Andres Acosta et al. Obesity (Silver Spring). 2021 Apr.

Erratum in

Abstract

Objective: Little is known about the predictors of response to obesity interventions.

Methods: In 450 participants with obesity, body composition, resting energy expenditure, satiety, satiation, eating behavior, affect, and physical activity were measured by validated studies and questionnaires. These variables were used to classify obesity phenotypes. Subsequently, in a 12-month, pragmatic, real-world trial performed in a weight management center, 312 patients were randomly assigned to phenotype-guided treatment or non-phenotype-guided treatment with antiobesity medications: phentermine, phentermine/topiramate, bupropion/naltrexone, lorcaserin, and liraglutide. The primary outcome was weight loss at 12 months.

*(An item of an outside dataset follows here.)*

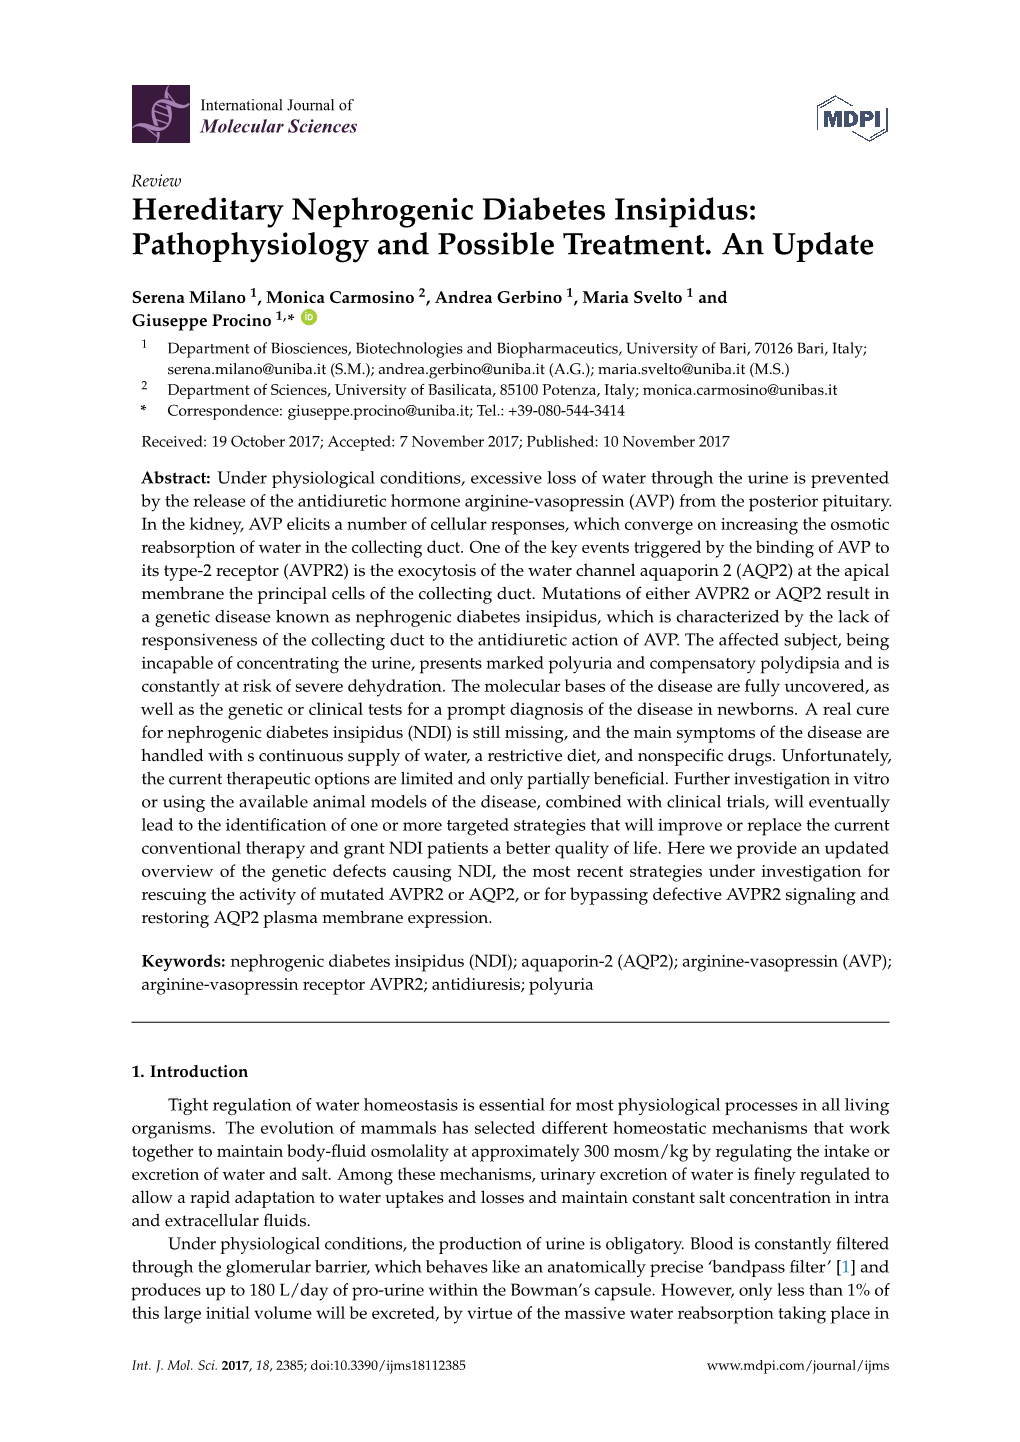 Hereditary Nephrogenic Diabetes Insipidus: Pathophysiology and Possible Treatment

Results: Four phenotypes of obesity were identified in 383 of 450 participants (85%): hungry brain (abnormal satiation), emotional hunger (hedonic eating), hungry gut (abnormal satiety), and slow burn (decreased metabolic rate). In 15% of participants, no phenotype was identified. Two or more phenotypes were identified in 27% of patients. In the pragmatic clinical trial, the phenotype-guided approach was associated with 1.75-fold greater weight loss after 12 months with mean weight loss of 15.9% compared with 9.0% in the non-phenotype-guided group (difference -6.9% [95% CI -9.4% to -4.5%], P < 0.001), and the proportion of patients who lost >10% at 12 months was 79% in the phenotype-guided group compared with 34% with non-phenotype-guided treatment group.

Conclusions: Biological and behavioral phenotypes elucidate human obesity heterogeneity and can be targeted pharmacologically to enhance weight loss.

Trial registration: ClinicalTrials.gov NCT03374956.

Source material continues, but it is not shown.